• [Records for the task]:
§ §

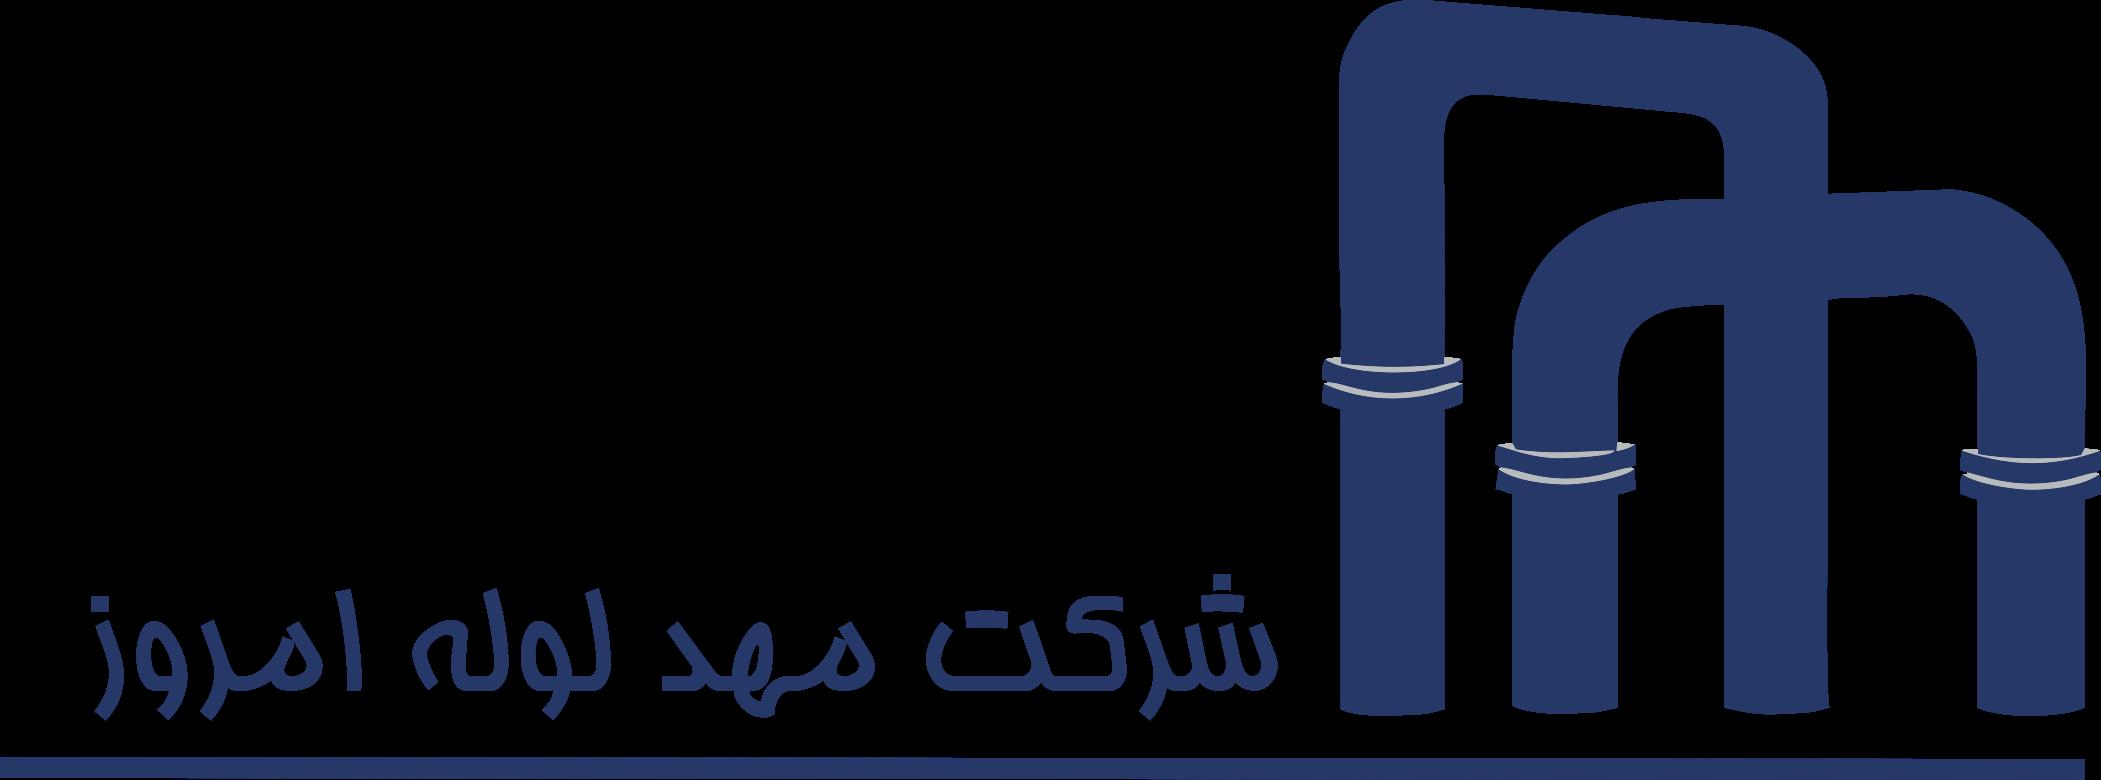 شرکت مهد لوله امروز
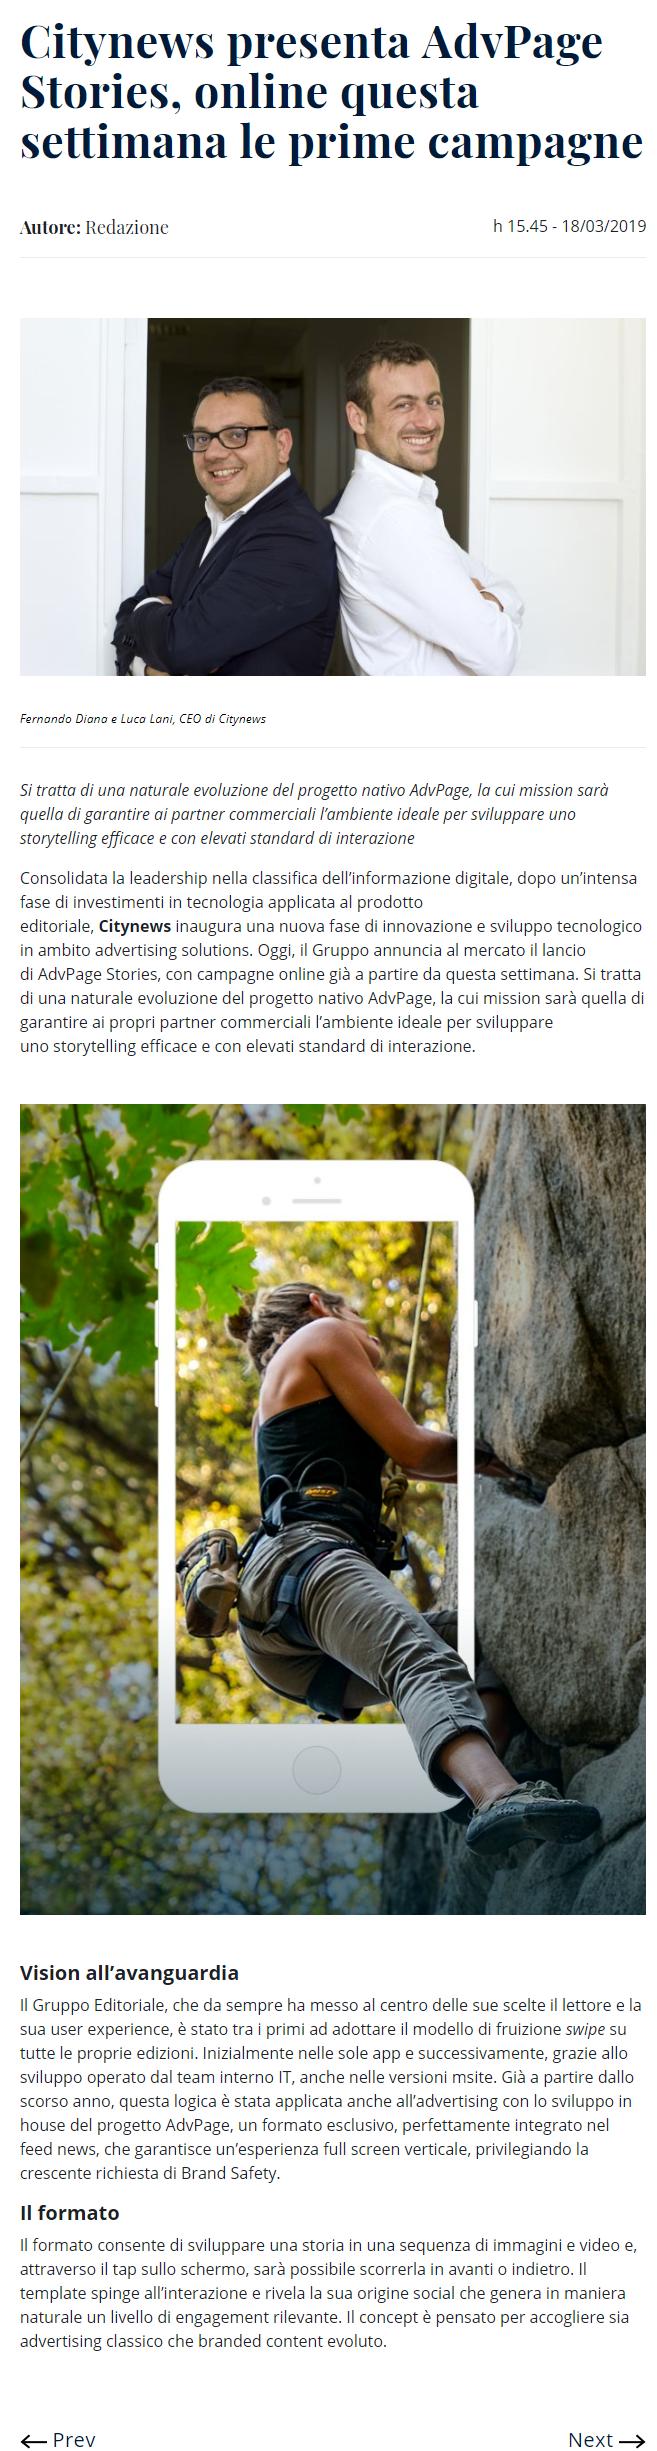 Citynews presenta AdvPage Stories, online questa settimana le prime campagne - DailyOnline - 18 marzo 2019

§ §

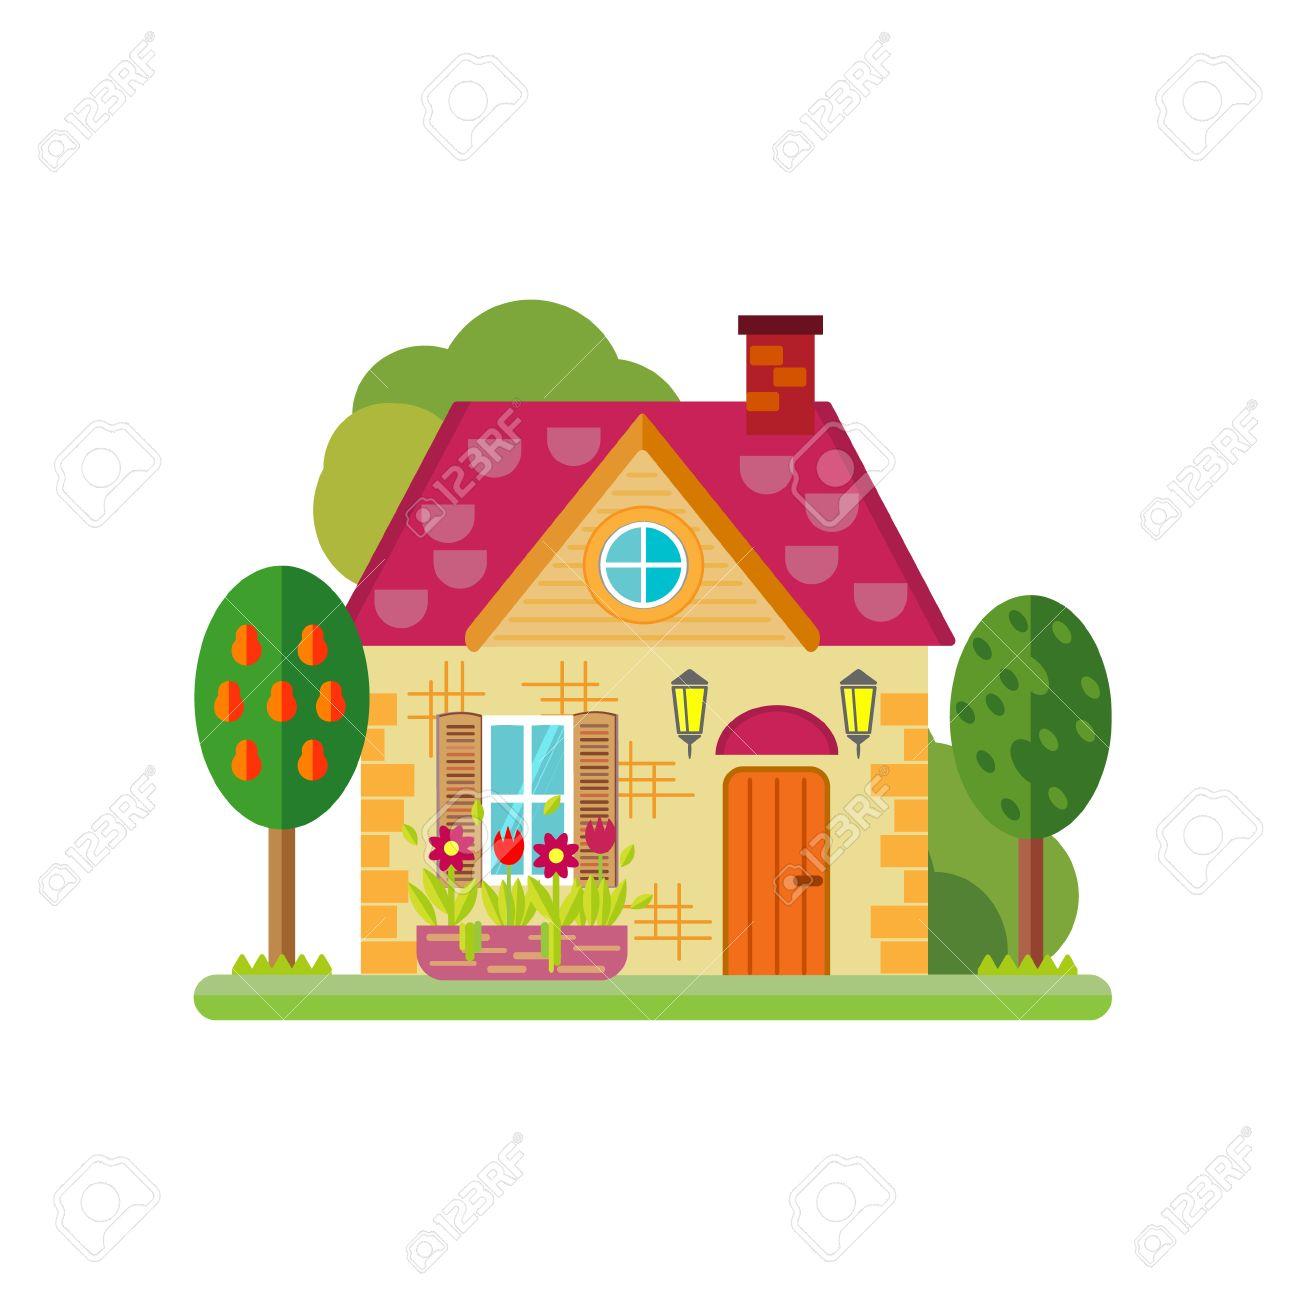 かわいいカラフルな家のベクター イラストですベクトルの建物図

§ §

• [Your instructions]: The stretch above running from the line with "شرکت مهد لوله امروز" through the line with "Citynews presenta AdvPage" is all you should copy, exactly, leaving out the pictures.

• [Answer box]:
 شرکت مهد لوله امروز
 Citynews presenta AdvPage Stories, online questa settimana le prime campagne - DailyOnline - 18 marzo 2019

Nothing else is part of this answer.